Blog content migration from MovableType to Typo using XML-RPC
Posted by Marcus Crafter Thu, 21 Sep 2006 18:41:36 GMT
After installing my Typo based blog at it's new location last weekend, the next step was to find a way to migrate all of the data across from my older MovableType based blog.
Since both blog engines were on different servers and used different database schema's, rather than delving into the depths of SQL magic to bring all of the content across (mapping tables, foreign keys and data, etc), I took an approach of using XML-RPC to migrate the content instead.
XML-RPC is a style of web services supported by both MovableType and Typo to provide access to blogs over the web programatically. There's various different API's available for MovableType and Typo including metaWeblog, Blogger, and MT, all supporting various methods of accessing and posting articles.
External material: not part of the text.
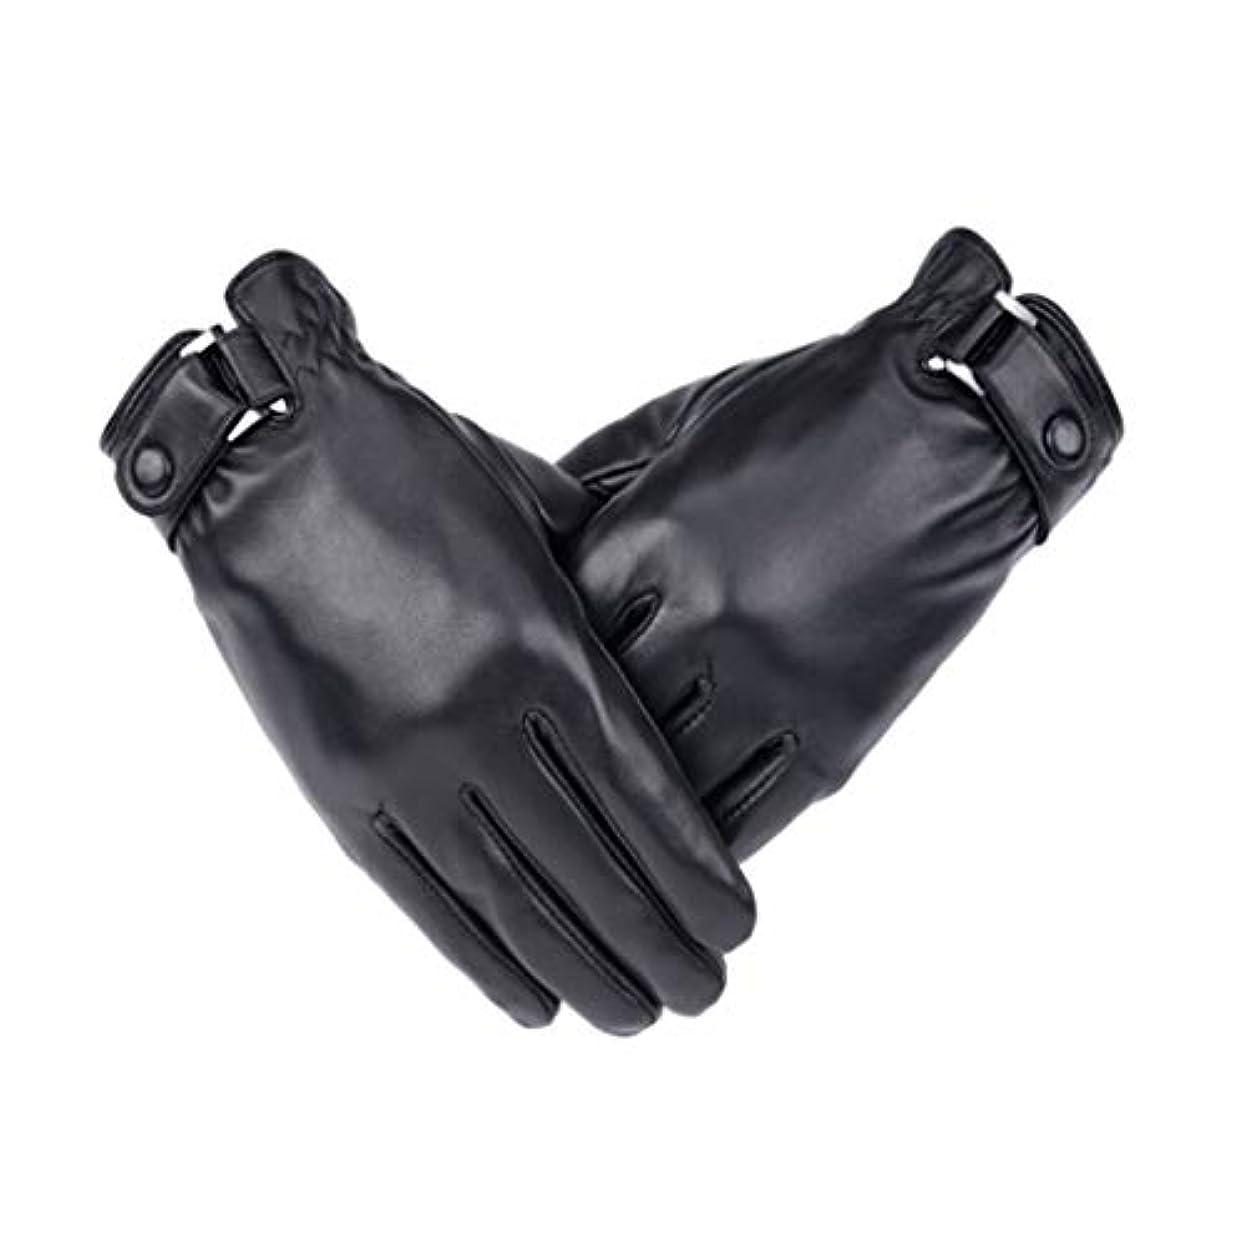 悪用コンパニオン共感する手袋の男性冬プラスベルベット厚手の革手袋暖かいタッチスクリーン羊革手袋ファッションモデルXLコード

Clients and servers of these API's have been implemented in many varied languages as well.
For example, to create a new post using the metaWeblog API, the XML-RPC method to call is defined as follows:
metaWeblog.newPost Description: Creates a new post, and optionally publishes it. Parameters: String blogid, String username, String password, struct content, boolean publish Return value: on success, String postid of new post; on failure, fault
Here's how you would call the this method using the internet glue of choice - Ruby, with a Typo blog:
require "xmlrpc/client"
server = XMLRPC::Client.new("<my-blog-server.net>", "/backend/xmlrpc")
content = { :title => 'A new post', :description => 'hello world' }
result = server.call("metaWeblog.newPost", 1, "<username>", "<password>", content, true) A few things to note:
- Typo's XML-RPC interface is <web-server>/<blog>/backend/xmlrpc, each blogging implementation will be different.
- The content 'struct' in the XML-RPC API can be specified as a Ruby Hash.
- The 'true' at the end of the call indicates that the article should be published immediately.
So, to migrate all of our data we need to access our posts on the source blog, and re-post them to the new blog. metaWeblog.getRecentPosts and metaWeblog.newPost does what we need.
My preference here was to use the metaWeblog API since it uses a structure for post content rather than just a string. This means in addition to being able to specify the post data, you can also specify post meta-data such as retrospective date creation times (which will ensure your original post dates are preserved), whether comments/trackbacks are enabled, and many other things specified in the API.
Here's the migration code:
require 'xmlrpc/client'
class Blog
def initialize(host, path, username, password, blog_id = 1, port = 80)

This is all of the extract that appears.